DIRECTIONS FOR THIS TASK - From the first line of the data below, repeat each line exactly until you reach the line with "clapper cinema dog"; include that line too.

[DATA FOR REVIEW — start]

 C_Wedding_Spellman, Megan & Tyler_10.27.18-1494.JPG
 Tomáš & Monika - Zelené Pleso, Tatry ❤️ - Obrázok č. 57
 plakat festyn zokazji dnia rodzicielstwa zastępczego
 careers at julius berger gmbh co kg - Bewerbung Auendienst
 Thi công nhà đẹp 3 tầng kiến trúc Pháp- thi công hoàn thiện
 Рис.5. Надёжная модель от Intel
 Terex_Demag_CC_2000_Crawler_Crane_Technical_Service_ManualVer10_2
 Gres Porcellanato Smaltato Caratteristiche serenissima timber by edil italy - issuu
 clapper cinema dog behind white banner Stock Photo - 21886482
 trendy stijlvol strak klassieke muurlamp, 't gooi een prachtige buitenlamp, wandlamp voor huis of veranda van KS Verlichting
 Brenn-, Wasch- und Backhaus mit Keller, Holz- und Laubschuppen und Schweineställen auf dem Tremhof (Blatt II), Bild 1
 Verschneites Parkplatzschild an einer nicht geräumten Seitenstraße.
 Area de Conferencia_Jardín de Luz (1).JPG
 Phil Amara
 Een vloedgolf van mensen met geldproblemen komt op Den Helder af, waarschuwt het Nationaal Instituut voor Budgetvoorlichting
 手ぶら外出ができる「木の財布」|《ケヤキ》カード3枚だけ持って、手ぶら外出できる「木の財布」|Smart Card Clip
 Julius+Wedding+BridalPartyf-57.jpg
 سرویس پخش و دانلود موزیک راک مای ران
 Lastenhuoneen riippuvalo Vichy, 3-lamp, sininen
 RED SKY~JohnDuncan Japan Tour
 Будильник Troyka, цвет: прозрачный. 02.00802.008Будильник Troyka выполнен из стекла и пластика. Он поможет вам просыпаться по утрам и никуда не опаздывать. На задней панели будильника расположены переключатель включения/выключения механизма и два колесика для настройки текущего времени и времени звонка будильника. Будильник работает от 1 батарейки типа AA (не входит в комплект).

[DATA FOR REVIEW — finish]

SOLUTION TO THIS EXERCISE -
 C_Wedding_Spellman, Megan & Tyler_10.27.18-1494.JPG
 Tomáš & Monika - Zelené Pleso, Tatry ❤️ - Obrázok č. 57
 plakat festyn zokazji dnia rodzicielstwa zastępczego
 careers at julius berger gmbh co kg - Bewerbung Auendienst
 Thi công nhà đẹp 3 tầng kiến trúc Pháp- thi công hoàn thiện
 Рис.5. Надёжная модель от Intel
 Terex_Demag_CC_2000_Crawler_Crane_Technical_Service_ManualVer10_2
 Gres Porcellanato Smaltato Caratteristiche serenissima timber by edil italy - issuu
 clapper cinema dog behind white banner Stock Photo - 21886482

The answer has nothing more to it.